The ankle sprain is one of the most common injuries in athletes and often results in days or weeks lost from practice and competition. Efforts have been directed at preventing such injuries by ankle wrapping, taping or bracing, selecting proper shoes and altering the sports environment to better protect the athlete. Thacker and associates conducted a systematic review of the literature to determine the effectiveness of various recommendations for the prevention of ankle sprains in athletes.

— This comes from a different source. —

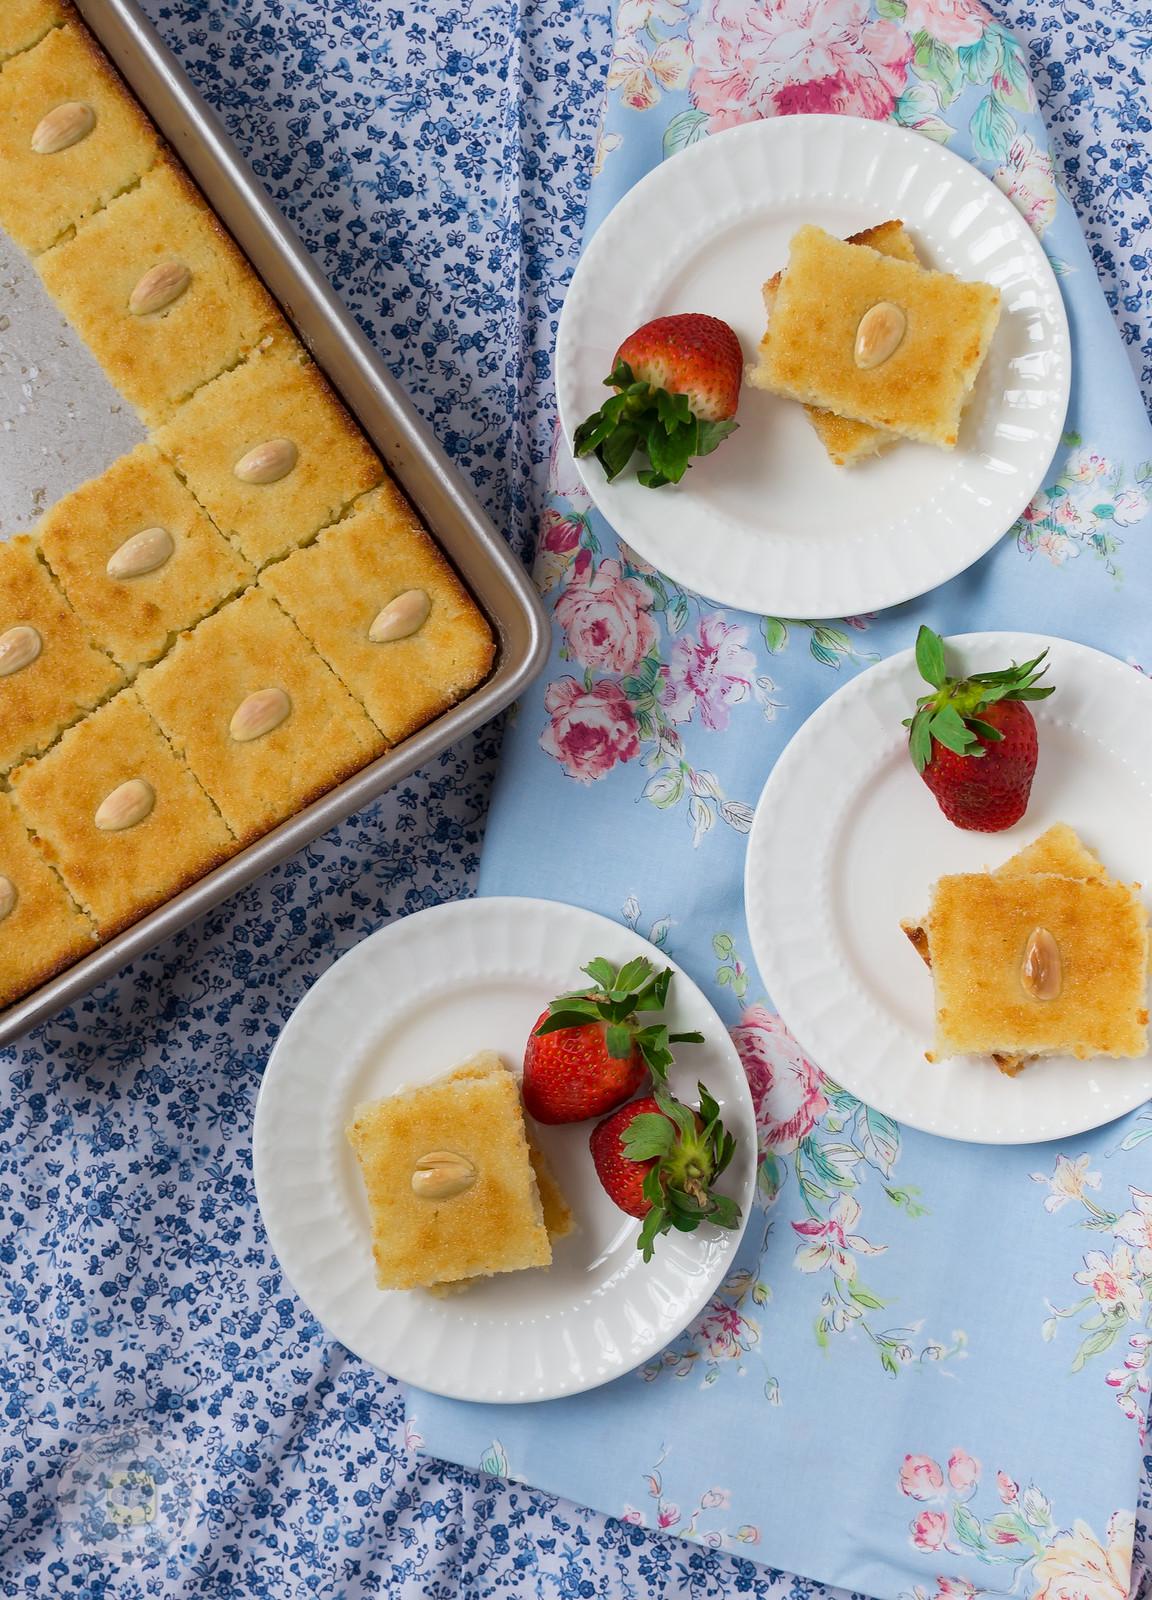 Rosewater and Orange Blossom Semolina Cake Final Top Shot

A total of 113 articles reporting ankle sprain risk were identified, and a scoring instrument was developed to grade the strength of the interventions used and their effect on athletic performance. Of these articles, 10 reports compared alternative methods of preventing ankle sprains. The most common risk factor for ankle sprain in sports is a history of a previous sprain.

Methods of external ankle support include tape or cloth wrapping, and use of orthotic devices and high-top shoes. Inversion of the ankle is substantially restricted with these interventions. To address the concern that these restrictive measures might compromise performance (in terms of running, jumping and cutting), 20 studies measured the effects of taping or bracing. Although most studies indicated that appropriately braced or taped ankles do not adversely affect performance, several studies report a small but significant decrease in performance.

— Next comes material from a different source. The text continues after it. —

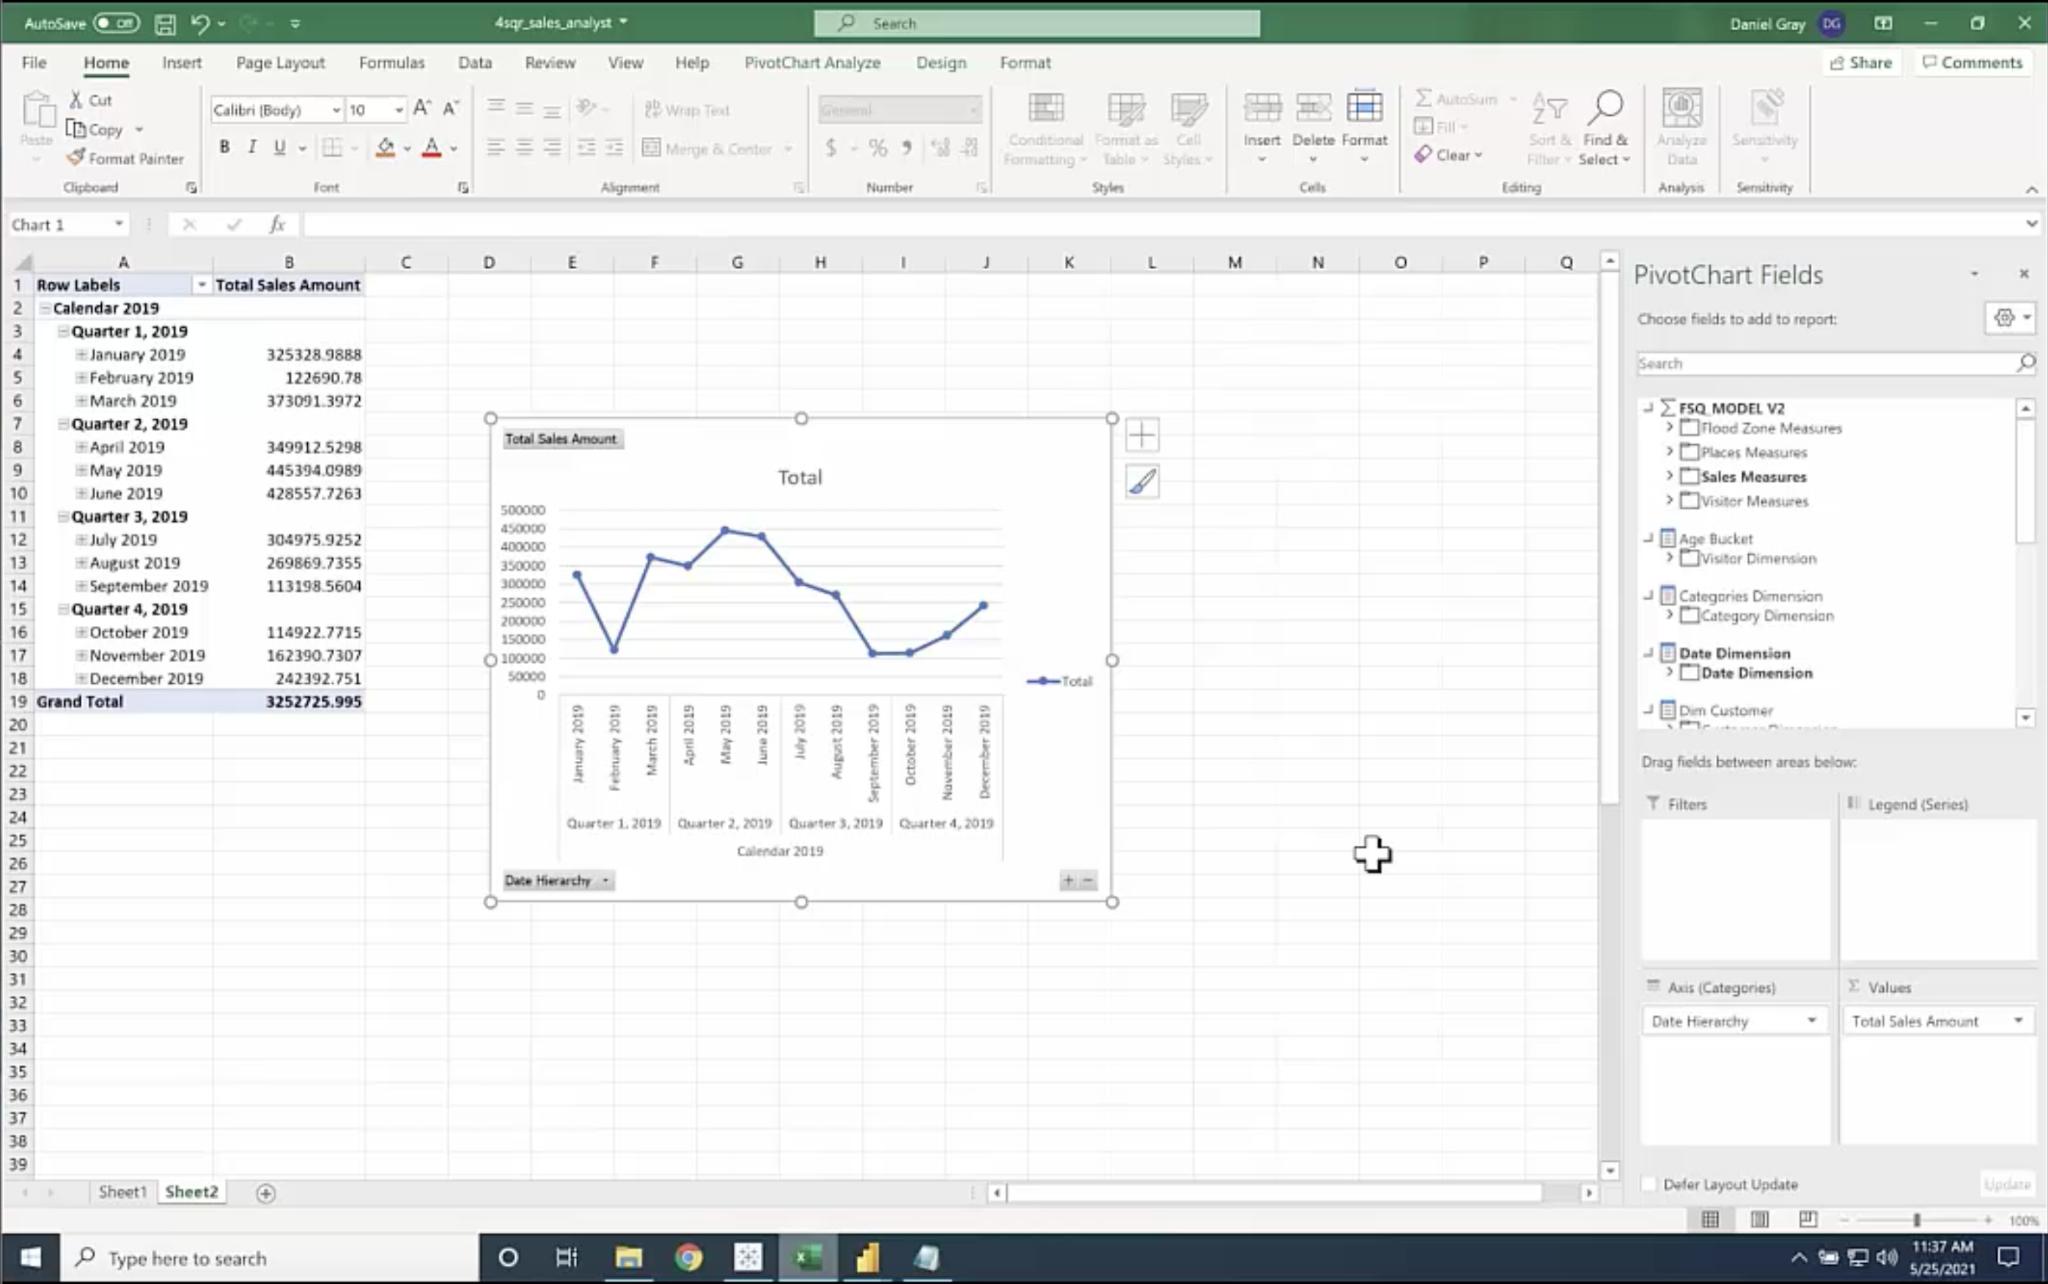 Excel Pivot Chart Analysis

Taping the ankle has been the preventive method of choice for coaches and trainers in many sports. Taping has been shown to prevent ankle sprains despite the fact that tape loosens in approximately 10 minutes and provides little or no measurable support of the inverting ankle within 30 minutes. It is postulated that the residual protection is associated with increased proprioception that allows the peroneal muscles to react more rapidly to inhibit extreme ankle inversion. There is no evidence that elastic wrap or bandages support the ankle effectively. The use of high-top shoes alone does not appear to reduce the risk of ankle sprain. However, the use of high-top shoes with inflatable support chambers results in a slightly (but not statistically significant) lower risk of ankle injury. The combination of taping and high-top shoes was particularly effective in players with previous injuries. The protective effect was not significant among players without a history of ankle injury.

There is widespread use of several semirigid orthoses made of cloth or plastic to prevent ankle sprains. Ankle taping was not as effective as an orthotic stabilizer. Semirigid orthoses may be most effective in preventing reinjury in athletes with a previous ankle injury. Intensive, sustained conditioning reduced the occurrence of ankle sprains over a six-month period. Like ankle taping and bracing, the effect most often occurred in athletes with a history of ankle sprain.

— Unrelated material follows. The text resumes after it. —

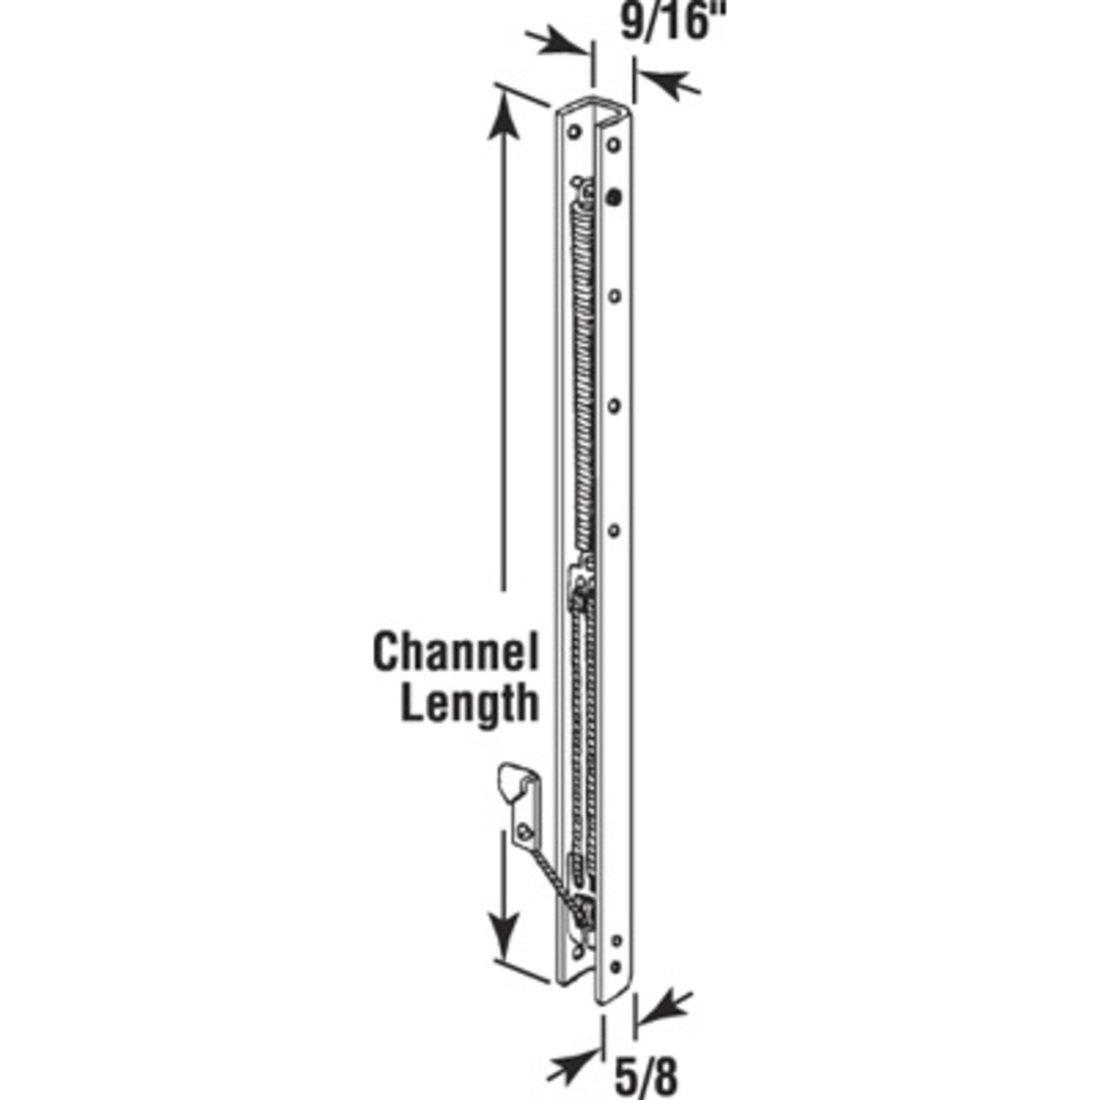 17 Window Channel Balance; 1620 or 16B C.R LAURENCE

The authors found a general lack of uniform, consistent and ongoing approaches to monitoring for occurrence of injuries. Actions that are often endorsed for injury prevention could not be supported in this review of the literature. Despite the unanswered questions, Thacker and associates were able to make one clear recommendation to coaches, trainers and athletes: athletes with a sprained ankle should complete supervised rehabilitation before returning to practice or competition, and athletes with a moderate or severe ankle sprain should wear an appropriate orthosis for at least six months. The benefit of the orthosis seems to persist up to one year after injury. Preseason conditioning may optimize performance and prevent ankle injury.